Nunca imaginé que una clase de maestría me haría llorar. Estaba sentada frente a la pantalla, en la Universidad para la Paz, leyendo sobre algo que llamaban “imaginación moral”, cuando de pronto sentí un nudo en la garganta. No era solo teoría. Era como si alguien me estuviera hablando directamente, dándome permiso para nombrar lo que llevaba tanto tiempo intentando esconder: el dolor del exilio, la rabia contenida, la soledad profunda, pero también ese deseo terco de seguir creyendo que algo mejor es posible.

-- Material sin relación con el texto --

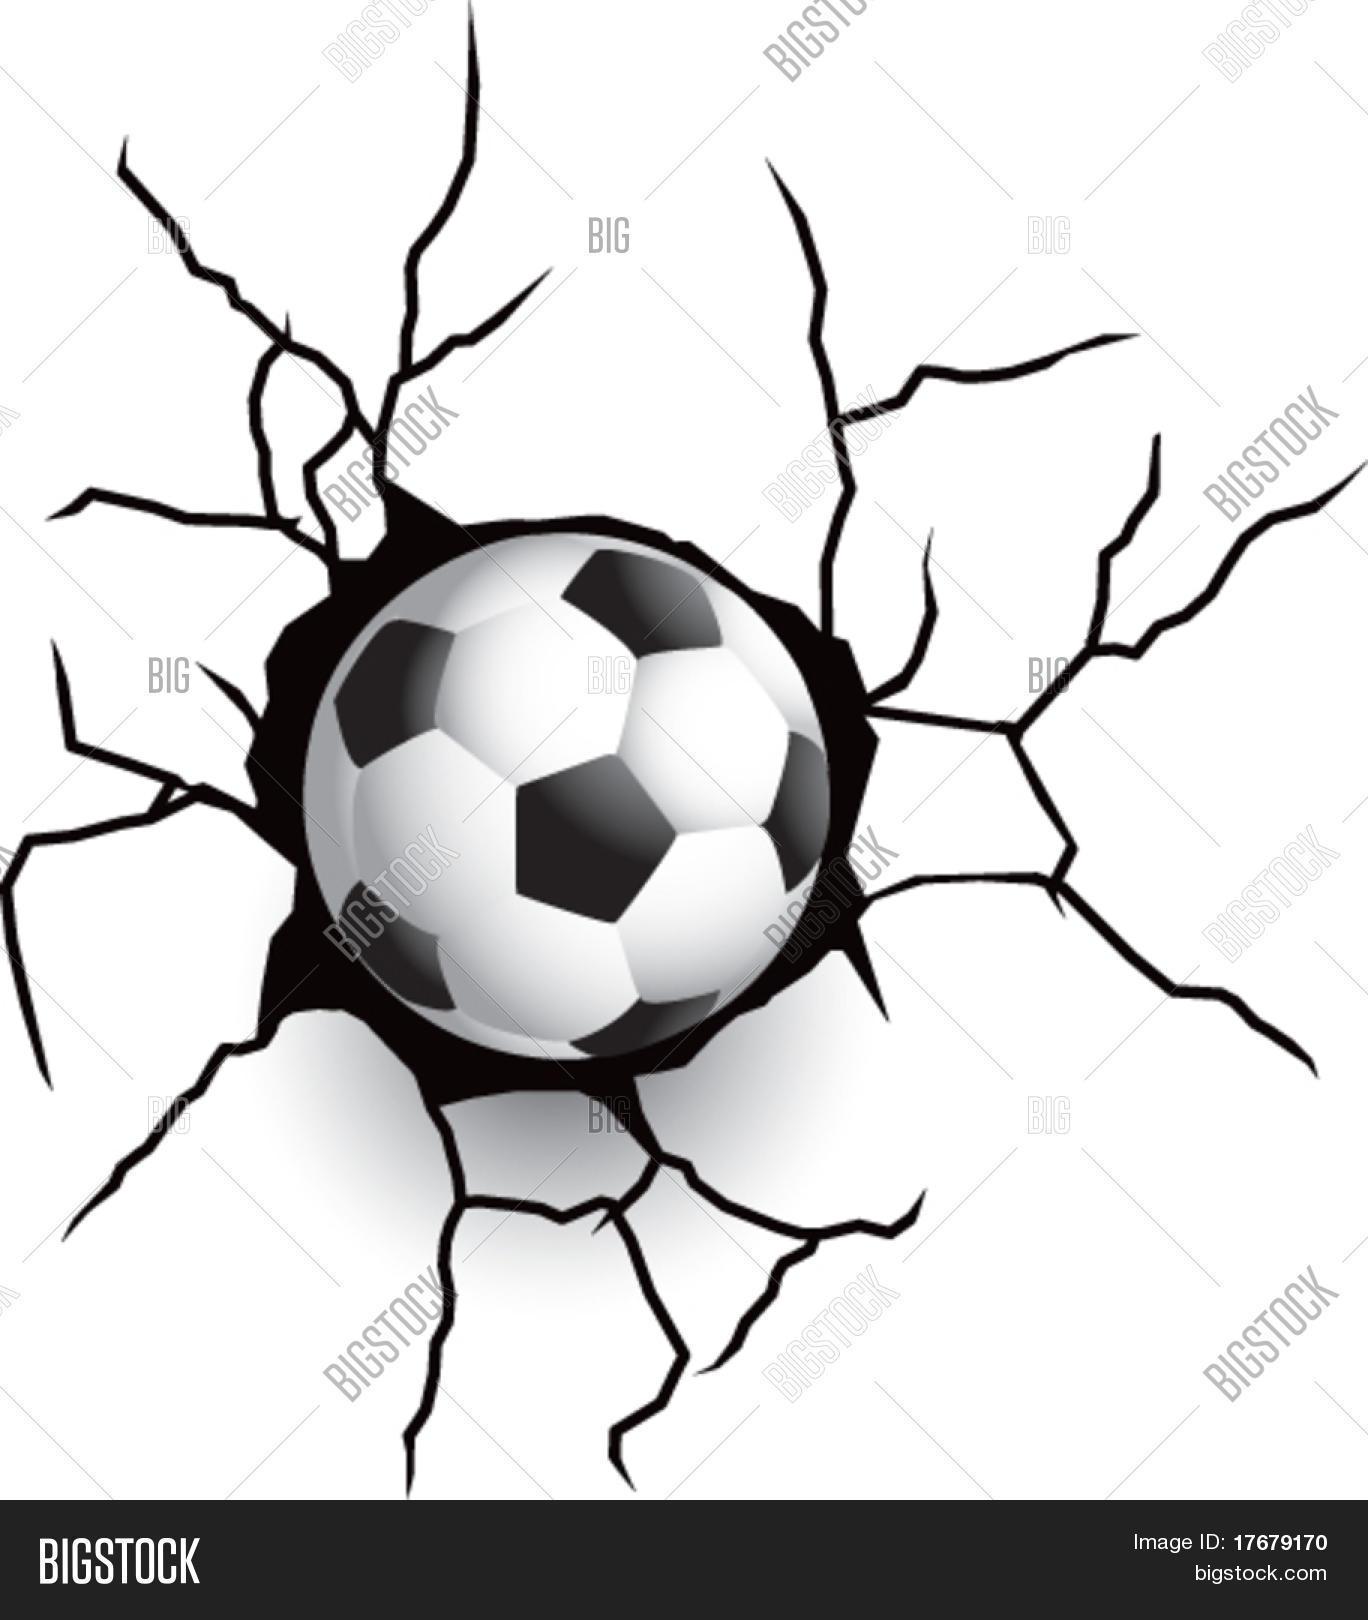 1368x1620 Broken Wall Soccer Football Vector Amp Photo Bigstock

Este texto no nace desde los libros, aunque los libros lo alumbraron. Nace desde el cuerpo. Desde el temblor con el que llegué a Costa Rica en julio de 2018, con la ropa empapada de miedo y el corazón desgarrado por dejarlo todo atrás. Desde esa herida abierta que muchas llevamos en silencio. Aquí escribo como mujer refugiada, migrante, periodista y sobreviviente. Pero sobre todo, escribo como una más entre miles de nicaragüenses. Una que, como tantas, ha buscado sentido entre la rabia y el amor, entre la pérdida y la posibilidad.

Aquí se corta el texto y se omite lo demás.